RAW DATA:
______________________________
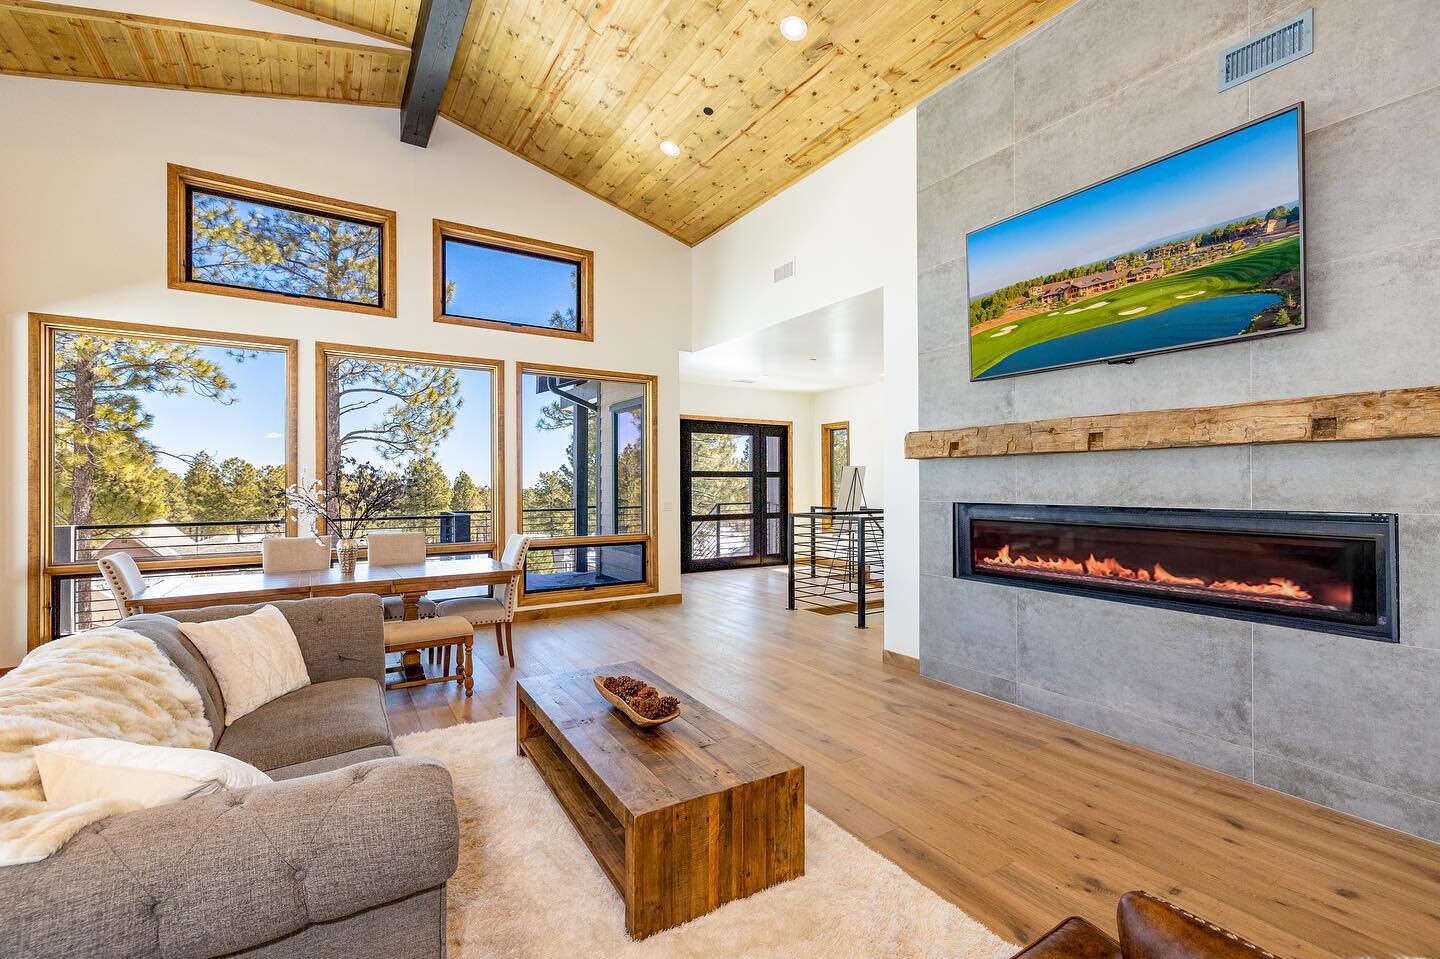 Flagstaff Ranch New Build🌲

$2,099,000 💵

4 Bed | 4 Bath | 4 Car Garage | 3,660 sqft 

Thoughtfully designed modern cabin in the prestigious gated community of Flagstaff Ranch. Complete with a heated driveway, two laundry rooms, two primary suites,
______________________________
PROBLEM TO SOLVE: Search the data for "4 Bed | 4 Bath | 4 Car Garage | 3,660 sqft". Beginning with that line, set down every line through the last exactly.

EXERCISE OUTPUT:
4 Bed | 4 Bath | 4 Car Garage | 3,660 sqft 

Thoughtfully designed modern cabin in the prestigious gated community of Flagstaff Ranch. Complete with a heated driveway, two laundry rooms, two primary suites,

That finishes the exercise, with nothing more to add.